You can check your data with the following code :
```{r echo=TRUE}
library(ggplot2) 
cs=colSums(DT_clinician)
F=(ecdf(cs))
ggplot(data.frame(x=F(cs),y=cs), 
       aes(x=x,y=y)) +   
geom_point() +
stat_smooth(formula = y ~ x,
              method = lm, 
              level=0.9973)
```

### Gene expression data
For gene expression data, we suggest the following normalization strategy:

- micro-array : rma function from "affy"package in R
- RNA-seq : DESeq, EdegR, transcripts per million (TPM)...

In case ofconfounding factor such as batch effect, we refer you to
estimateSizeFactors and sizeFactors functions of the "DESEq2" package

### Methylation data

For methylation array, we suggest the following normalization strategy:

- lumiMethyN function from Illumina "lumi"package in R



## Data transformation

Your dataset can be at linear scale of transformed. 

Please check the transformation (if any) that was applied to your data.

### Gene expression data

Pseudo log transformation (log2+1) is a transformation often applied to expression data. 

It also enable to check for Poisson Noise in your data, an excess of variance in the low value range : 
![Poisson Noise example](starting_kit_files/poisson_noise.png).

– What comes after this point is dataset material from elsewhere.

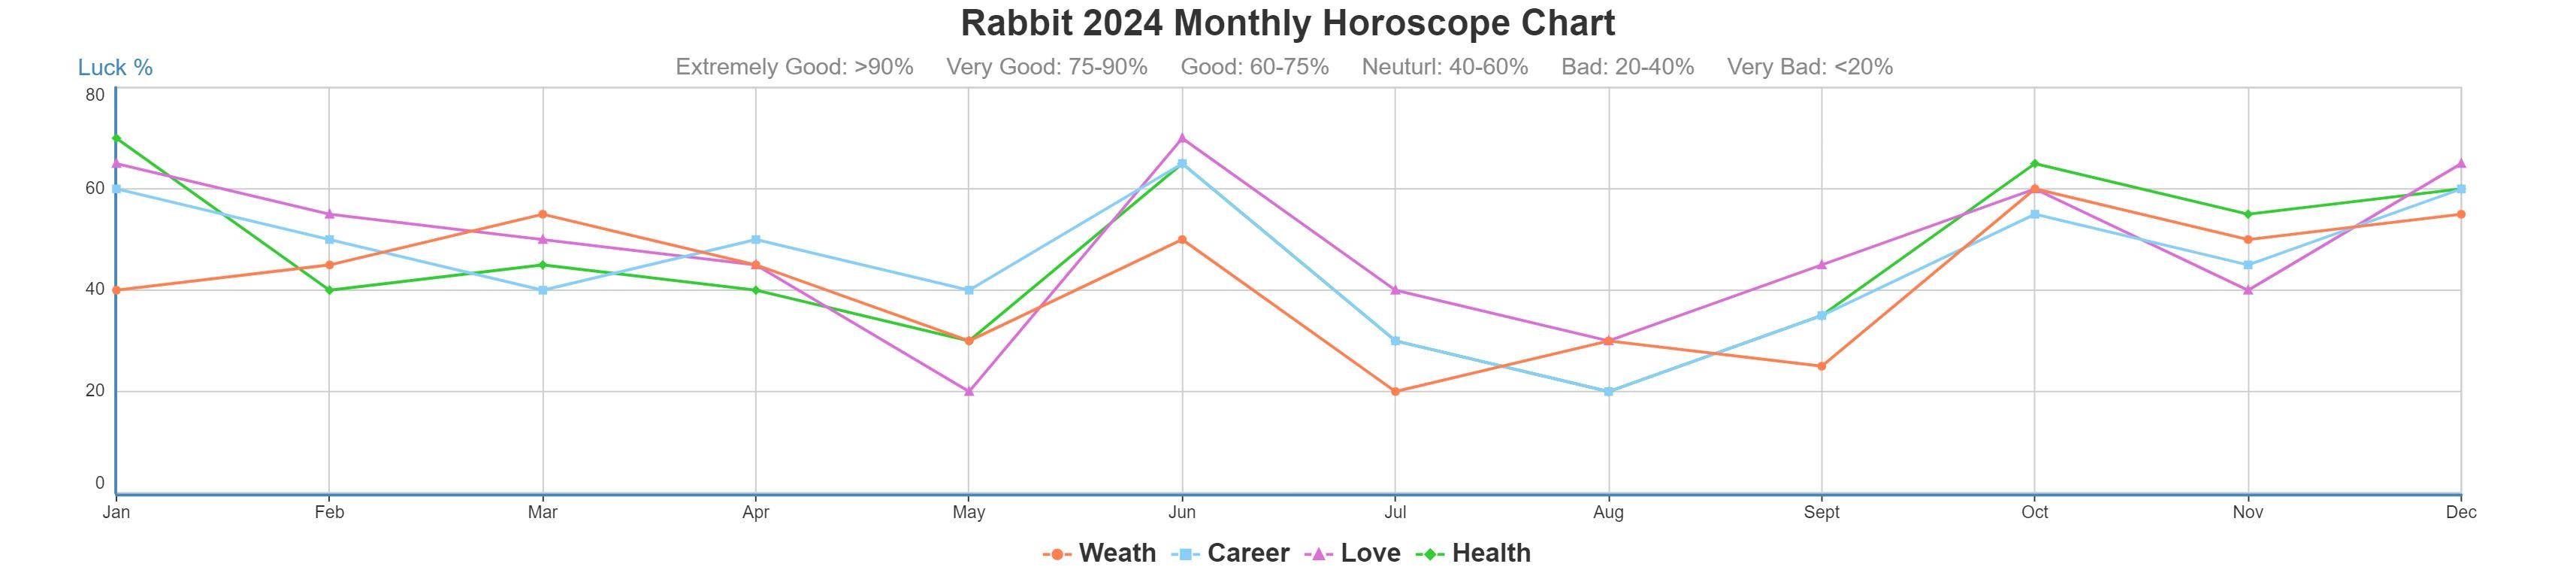 Rabbit 2024 monthly horoscope

You can test the transformation of your data using the following R script :


```{r echo=FALSE}
# Simulating raw count data
DT_raw=round(2^(DT_clinician) -1) 
```
```{r echo=TRUE}
#plotting 2 first samples in native space
plot(DT_raw[,1], DT_raw[,2], cex=.1)

# log transform 
logcounts <- logcounts <- log2( DT_raw + 1 )
#plotting 2 first samples in log space
plot(logcounts[,1], logcounts[,2], cex=.1)


```

Working in Log space can improve your analysis.   

You can check with the following code : 

```{r echo=TRUE}
pc <- prcomp( t(DT_raw)  ) 

#plotting 2 first components in native space
#plot(pc$x[,1], pc$x[,2])
s=summary(pc);
#importance of 2 first components in native sapce
s$importance[,1:2]

pc <- prcomp( t( logcounts ) )
#plotting 2 first components in log space
#plot(pc$x[,1], pc$x[,2])

s=summary(pc);
#importance of 2 first components in log space
s$importance[,1:2]

```

### Methylation data

Methylation data are usually beta-values or m-values. 

M-values can be obtains with beta2m function from Illumina "lumi" package in R.

you can use beta2m and m2beta functions of Illumina "lumi" package

You can test the transformation of your data using the following R script
```{r echo=FALSE}
# Simulating m-values
DT_m=apply(DT_clinician,2,scale)*2
```
```{r echo=TRUE}

#plotting 2 first samples of m-values
plot(DT_m[,1], DT_m[,2], cex=.1)

# m-values to beta-values
betavals <- 2^DT_m/(2^DT_m + 1)

#plotting 2 first samples of beta-values
plot(betavals[,1], betavals[,2], cex=.1)



```

# Clinician dataset metadata

Along with your omic dataset, we ask you to specify the cancer type related to your data (to be chosen within the [TCGA references](https://gdc.cancer.gov/resources-tcga-users/tcga-code-tables/tcga-study-abbreviations)) and to estimate the number of cell types $K$ of your data. 

Please be prepared to fill this information on the COMETH web application.